Forum

Giving up work after Relapse

I was diagnosed with MS about nine years ago and I’ve had relapses over the past years. I always seem to recover quickly and continue working. I’m not on any DMD because not sure about the side effects and if they really will help me. I’ve been pushing through the pains but when they got too bad I would go to GP or call the MS nurse.

I’ve been driving to and from work 3 to 3 1/2 hours one way, I should say this wasn’t on a daily bases but I have been doing this for around 8 years. You may be thinking why didn’t I catch the train and I can only say because of the cost and not leaving close to a main line station.

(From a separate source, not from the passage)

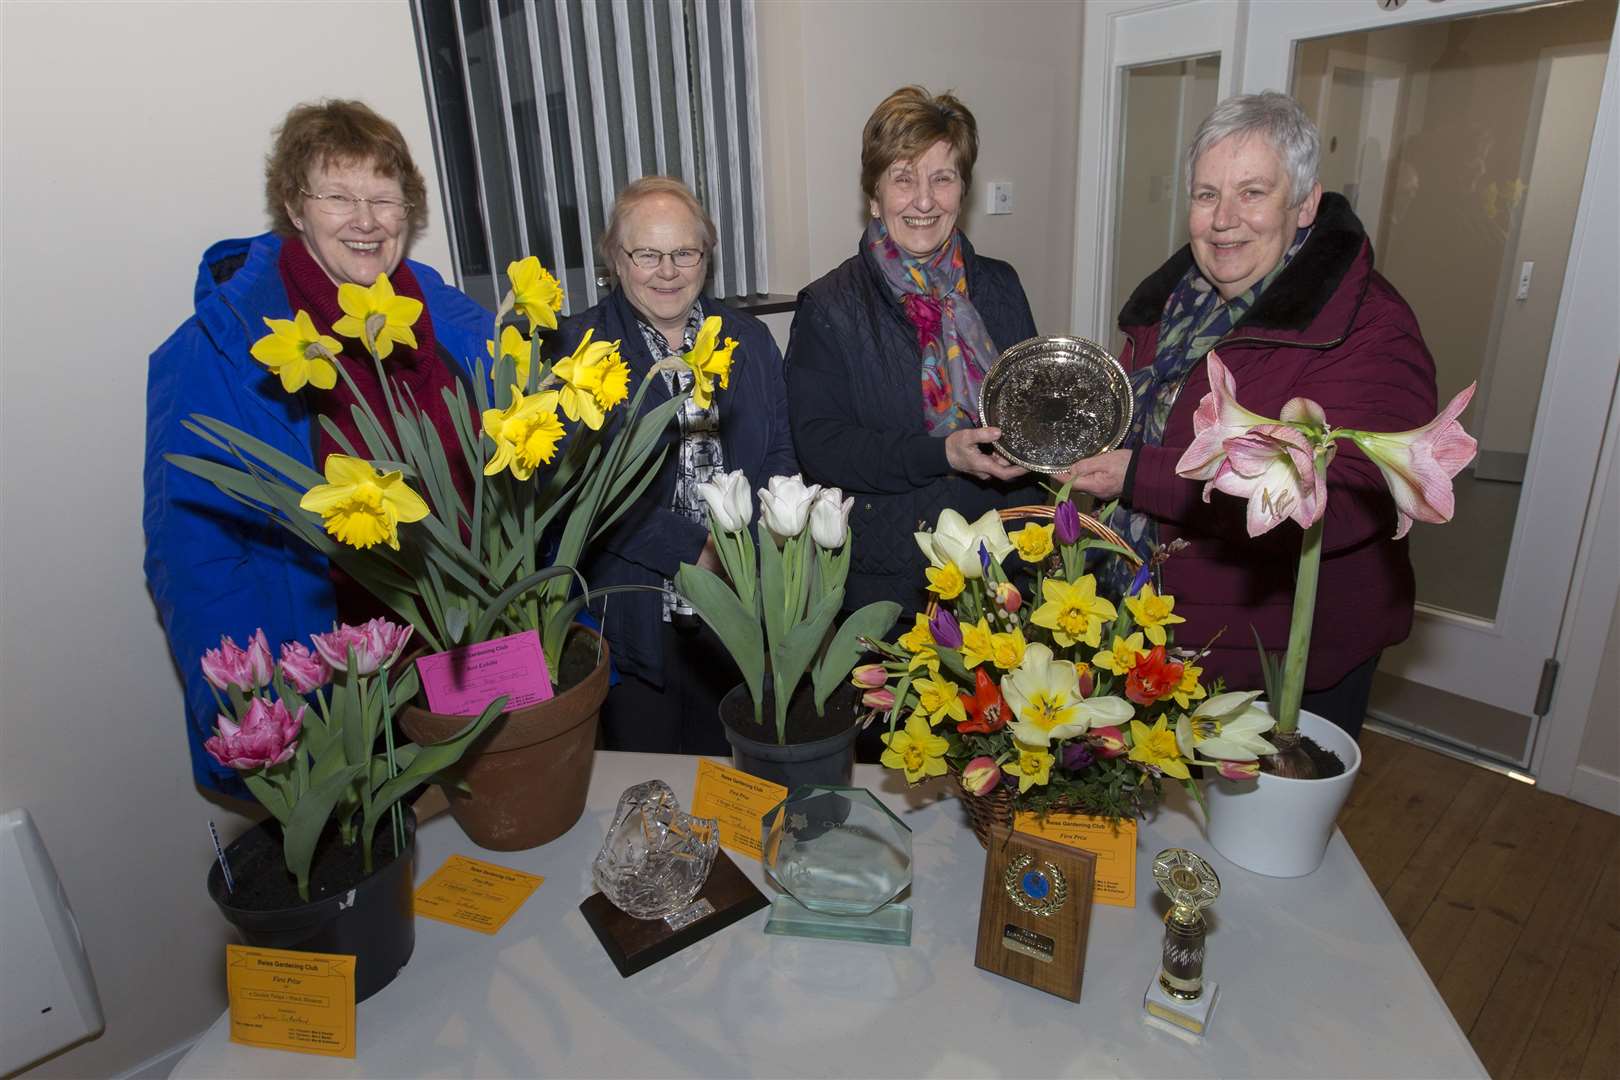 Marion Sutherland (second right) had a clean sweep of the trophies at Reiss Gardening Club's annual bulb show. She received the trophies for most points in bulbs, most points in floral art and most points in baking and preserves, as well as the best exhibit trophy – meaning that the winner of the trophy for most points overall was never in any doubt. She received her trophies from Lorna Swanson, one of the judges. Looking on are the other two judges, Mary Shearer (left) and Anne Gunn. Picture: Robert MacDonald / Northern Studios

I had a relapse about 3 weeks ago and have been off work. My MS pains are not going this time and seem to be getting worse. I am on Pregabalin but it doesn’t seem to work and I may need to change the meds. I really think the journey to and from work has really not helped me because it was really making me extremely tired. I don’t have the strength to left the heavy equipment and the pain and weakness is getting worse. I’ve come to the point that I feel I need to give up my job and I’m not sure how to go about it and what the best route would be. I also think it time that I gave up work altogether but not sure how I would survive financially. Part time would not be a option because of the nature of my work.

Has anyone else had a similar experience.

Hello Dave

If you don’t take a DMD, you will have relapses, and often only partial remission from relapses adds to accumulating disability. Of course, as you say, there may be side effects of any DMD, just as there are with any drug. But the potential benefits outweigh the side effects (imo).

However, your choice not to take DMDs is fair enough and one I do understand.

If you were to give up work because you are too ill to continue working, you’d have to do it by being absent from work sick, thus qualifying for Statutory Sick Pay. Ultimately if you then were to be ‘forced’ to stop working altogether because of your health, you could claim Employment and Support Allowance. But, you do have to be relatively disabled to keep getting ESA these days. And of course, it’s not a huge amount of money. If you read through enough posts on this forum about peoples battles with claiming ESA, you’d realise it’s not quite as simple as just finding it difficult to continue working.

I daresay that if you’ve been capable of driving such long distances plus doing a job that sounds quite physical, you’d find that qualifying for ESA might be a bit difficult anyway, in spite of your current relapse making you weaker.

Is there any other job you could apply for that’s closer to home? And/or is less physical in nature? You haven’t said what age you are, but that might also be a factor - depending on how long your working life is expected to be before you qualify for a pension, state or private. Also, if you have a family, that’s another issue that you’d have to take into account.

Clearly if you are in pain, and the drug that’s worked to date isn’t working any more, you should speak to your MS nurse, GP or neurologist about changing to a different drug. But of course, you might then suffer side effects from a different neuropathic pain drug. A bit of a catch 22 situation really.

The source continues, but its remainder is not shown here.